“O sistema está obsoleto.”, diz o presidente do Comité Olímpico de Portugal, Vicente Moura. Concordo. Está obsoleto porque é o modelo da iliteracia desportiva portuguesa aprendida na visão salazarista do “orgulhosamente sós” a que se juntou a pesporrente ideia de que “damos lições ao Mundo”. Assim, sozinhos e superiores, tratámos, ao longo de anos e anos, do nosso Desporto. Com os resultados visíveis.

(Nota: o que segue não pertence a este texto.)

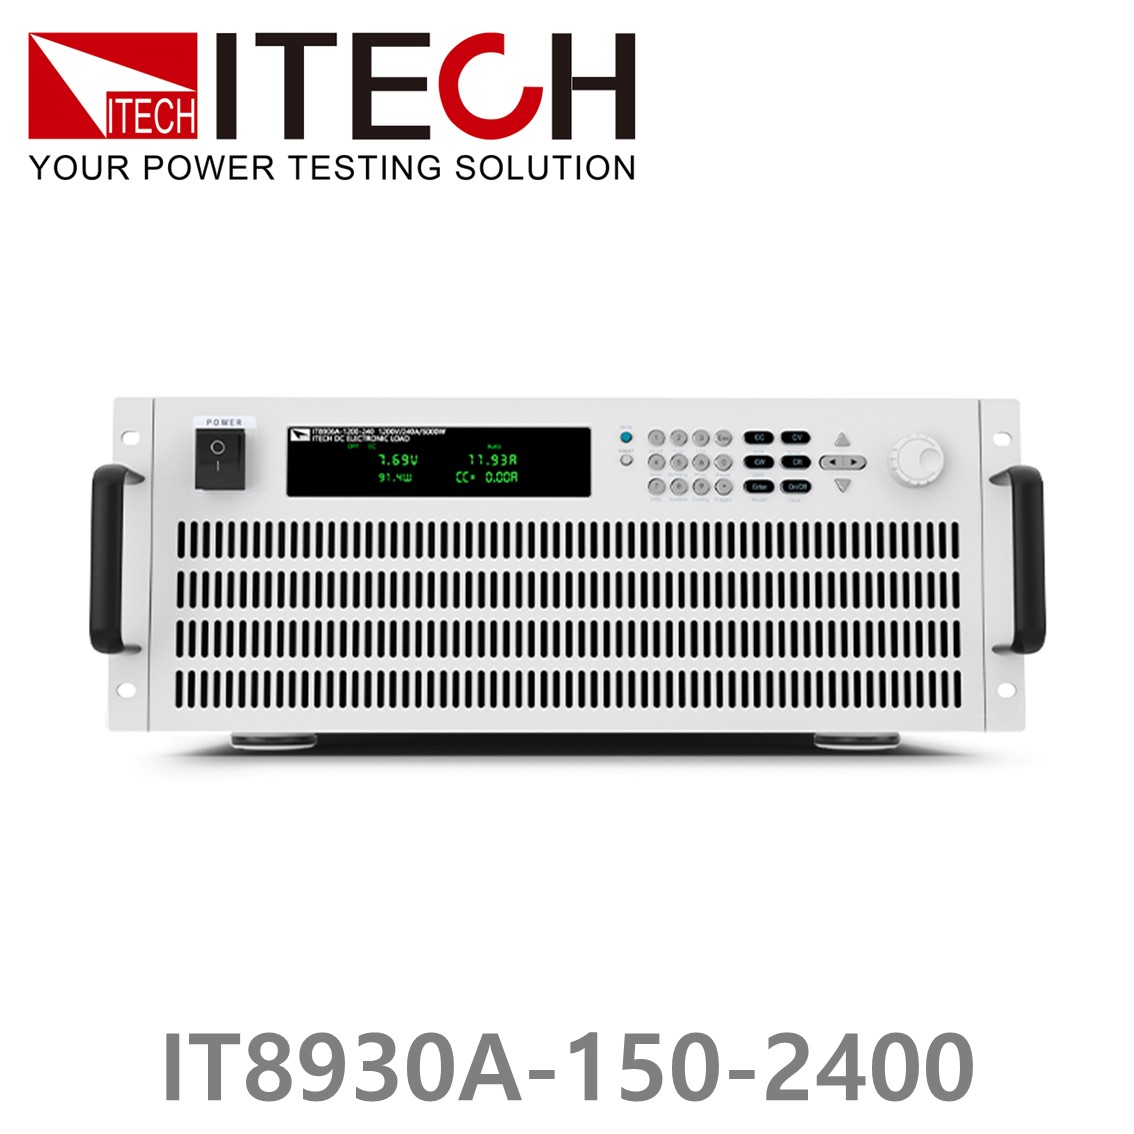 [ ITECH ] IT8930A-150-2400  고성능 고전력 DC 전자로드 150V/2400A/30kW (27U)

Não temos, desde sempre, objectivos estratégicos claramente definidos para construir os caminhos do desenvolvimento qualitativo desportivo. Não sabemos como nos organizarmos eficazmente. Ignorámos o que se passa por outros lados do mundo e como se constroem as suas melhorias. Apesar de tudo isto e por pura (só pode ser) acumulação de ignorância, achámo-nos formidáveis. E não somos… como mostram os resultados.
Temos uma prática desportiva fracamente generalizada – basta saber o número total de atletas federados. Temos um Alto Rendimento de resultados baixos e fracos – notem-se as qualificações possíveis para Londres que se ficaram por meros 41% de modalidades presentes ou veja-se a incapacidade de aceder aos Jogos por parte das modalidades colectivas com bola ou compare-se o nível dos nossos recordes com os recordes internacionais. Dos fracos resultados internacionalmente comparados, a excepção surge de um ou outra sobredotados que, volta não volta, marcam diferenças que nos abrem o caminho do sonho. Mas são excepções ao sistema.
Insistimos em modelos competitivos desadequados e desadaptados à competição internacional. Deixámos que a visão paroquial e os seus interesses correlativos nos limitem as decisões. Por cada sucesso vemo-nos no domínio do mundo sem saber anotar as dificuldades e as circunstâncias do percurso ou as necessidades de construção futuras. Aprendemos pouco com os êxitos ou com os erros mas achámo-nos formidáveis. E não somos.
Sou, desportivamente, resultado de um ensino exemplar da prática desportiva múltipla – Colégio Militar – que fez de muitos de nós atletas de bom nível. Sei por experiência dos bons resultados do método – e sei por isso também que só teorias absurdas e realmente desinteressadas do Desporto podem impedir que um sistema escolar desportivo tenha uma iniciação e formação desportivas de qualidade e que possa promover hábitos desportivos de bom nível que se distribuam por dois caminhos: o da prática desportiva de lazer – a tão necessária actividade física ao longo da vida – e o do desporto de rendimento. Tudo de acordo com as capacidades e interesses de cada um.
O que exige – e não haverá orelhas moucas que fiquem inocentes - uma alteração urgente do actual sistema. Passando por modificar a Missão das Federações de Utilidade Pública Desportiva focando os objectivos estratégicos da sua actividade nos resultados internacionais, garantir programas de iniciação e formação desportivos múltiplos impedindo a formação unilateral, estabelecer um sistema organizativo adequado e capaz de articular a envolvente do atleta de acordo com os princípios da responsabilidade cívica e da educação e perceber - culturalmente perceber - que o Desporto é uma actividade que se organiza pelos seus próprios méritos e que se diferencia nos métodos das outras actividades por mais semelhanças que possam ou pretendam aparentar.
O Desporto possui corpo próprio de princípios e regras que não podem ser confundíveis com outros campos ou domínios e exige os seus próprios métodos de observação, de análise e de dedução, para o estabelecimento dos seus próprios indicadores na procura dos seus próprios resultados. Altius, Citius, Fortius, sendo o lema Olímpico, explica tudo: o Desporto é um espaço de superação comparada e com o ATLETA no seu centro nevrálgico. E é também disto que o desporto português necessita urgentemente: saber colocar o ATLETA no centro das suas atenções.
*Aprendi com meu Pai, Raul Bessa (1924-1991, um dos fundadores da EDP e seu presidente durante alguns anos, o conceito: se é preciso mudar, a melhor altura é agora!